Adding the LoRA Node Experimental Platform was the first task that needed to be done. In the arduino core for the stm32 we neede to edit a few files and add the board definition, to be ready to go. After some errors and unexpected software behaviour we got the template running and could start coding the first few lines.
On thing you normally don't care about is the way the mcu gernerates the clock. On the older AVR chips you had a crystal and thats it. On the more recent mcus you have more options to gernate the mcu main clock, often from internal PLL / FLL sources or high speed internal RC oscillators. We choose to use the internal clock sources, as those are not really great for freqnecy stability, but good enough to get us going. Also we are able to change the clockspeed during runtime so we can run at low rates if we need to safe power or get to higer ones if we need more processing power. As a default we have choosen 8Mhz for the core and peripherals, as this will reduce power consumption and is fast enoigh to process the LoRa stack.
The challanges ahead is to potimize power consumption and also to initilaize all componets in a usable way. As this is project specific, have a look at the LoRa Switch with state feedback, as this shows how to use the LoRa Stack in RAW mode to do some peer to peer communication.
We have now PCB V3.1 ready. Changes were done mainly to get the compleate secondary SPI to the spare pins and also to optimize some parts in the power input. The TI Loadswitch has been exchanged by a pin compatible "ideal" diode which will give us reverse current protection and will also enable the Board to run form two power supplys with one serving as backup.

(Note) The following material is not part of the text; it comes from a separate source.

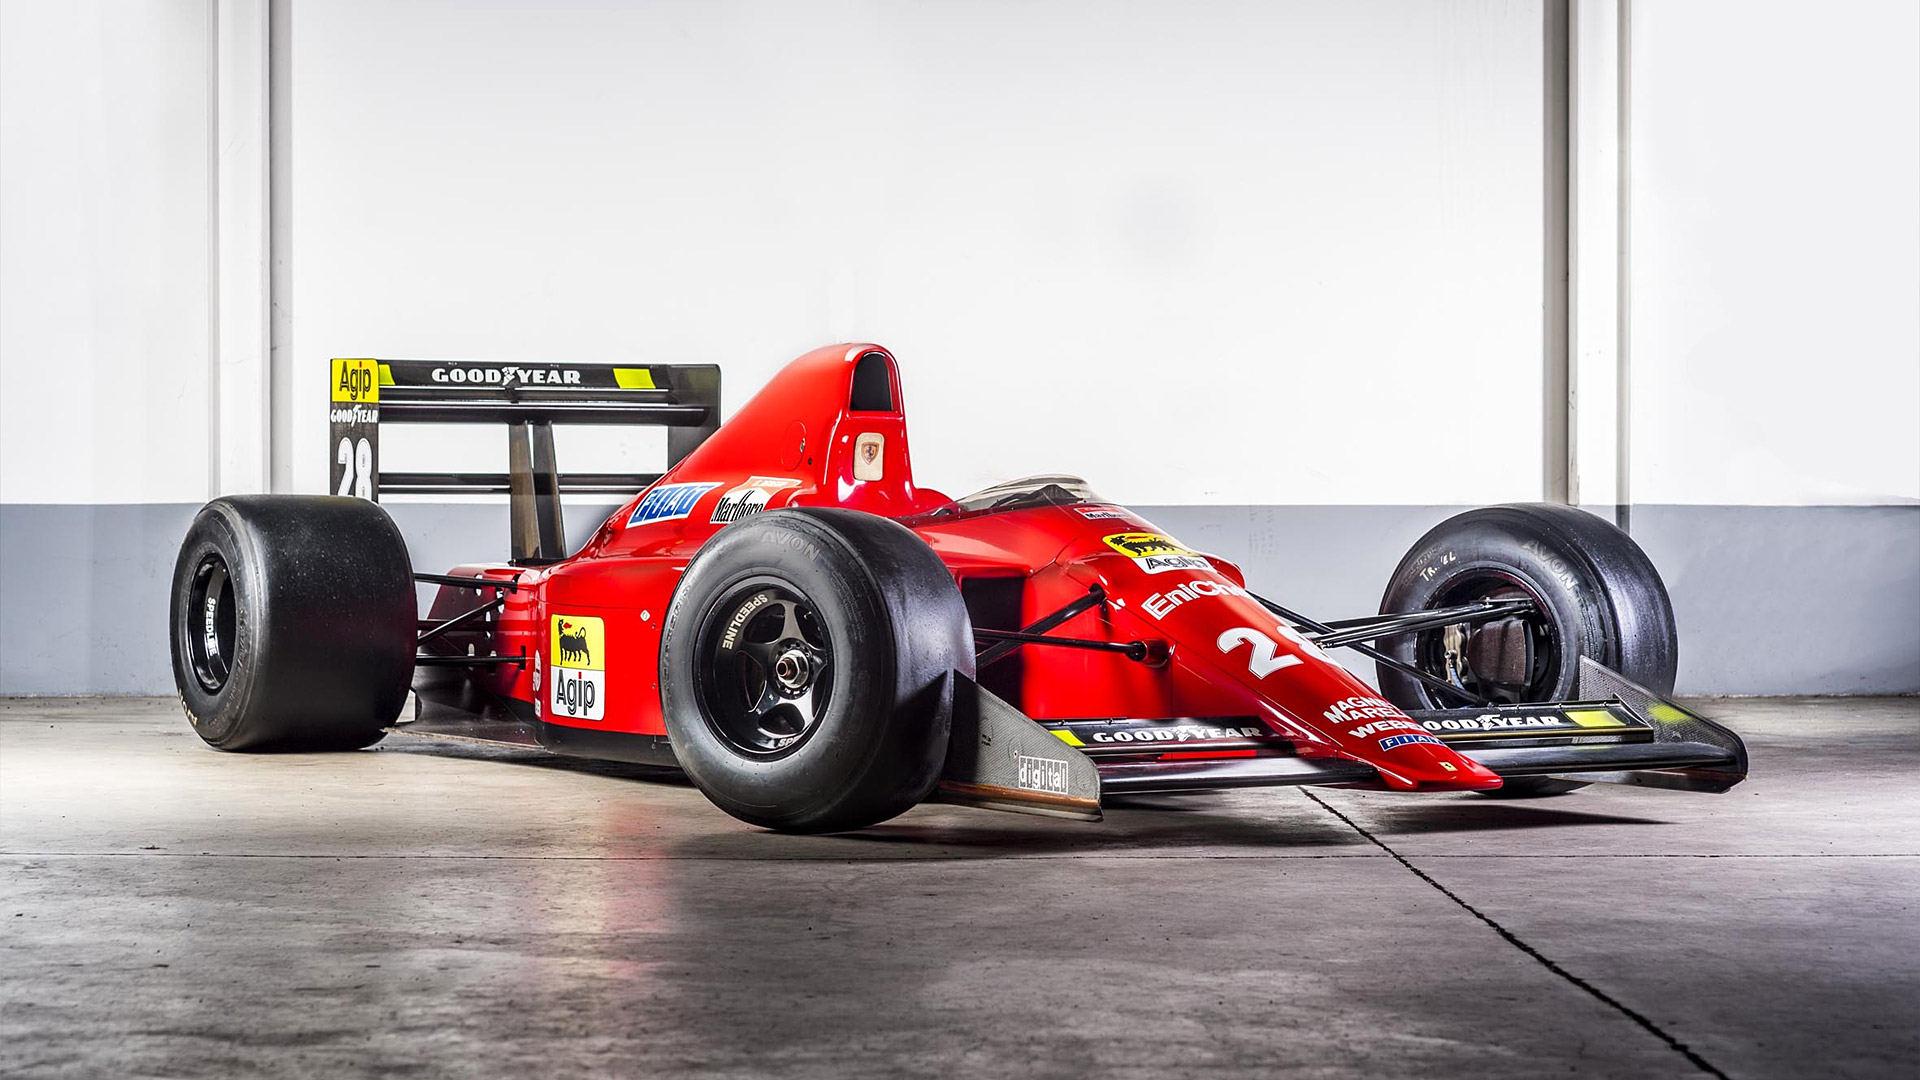 1989 Ferrari F1-89

As we don't have a crystal as main clock surce but depend on the internal ones we added a 32.768kHz oscillator for the RTC domain. This one can be placed optionally and has be used in the DS1302 High precision RTC . Wih a few uA of current we gain UARTs that can be clock from the crystal and also we gain a RTC that can wake the MCU after a given timeframe from sleep.
Last but not least, we squeezed two leds ( one red and one green ) on the board to give the chance to signel some kind of status. For this we used PA15 and PB3. These Pins are also on the pinheader as JTDO and JTDI.
If nothing really bad happens we should be good to go. The PCBs have been orderd and shall arrive next week. As Version 3.0 of the PCB is now running as expected we don't expect heavy problems with the new one, but we keep the fingers crossed, as always somthing unexpected can happen. Also we start preparing the final files for GitHub in the next few days as some cleanup has to be done.
PCB in Version 3.1 has arrived and two of them have been assembeld and are working. Some minor glitches do remain as the schematic now indecates that the tlv809 is moved closer to the battery input and between this and the idela diode is a polyfuse placed. As this seems a not that bad idea, the pcb will draw a hig current when first connected to the battery. The first research showed that this is not due to the 470uF capacitor as main source but seems to be something with the EN input of the MAX40200 ideal diode.
The assumption is that EN will be at a higher voltage level on power up than the ideal diode and therfore a unexpected high current will fow through a part we still need to determin. Switching from an TLV809 with push-pull to a TLC803S with open frain putput should resolfe the problem, but the lab needs some moments to verify that this is the main issue.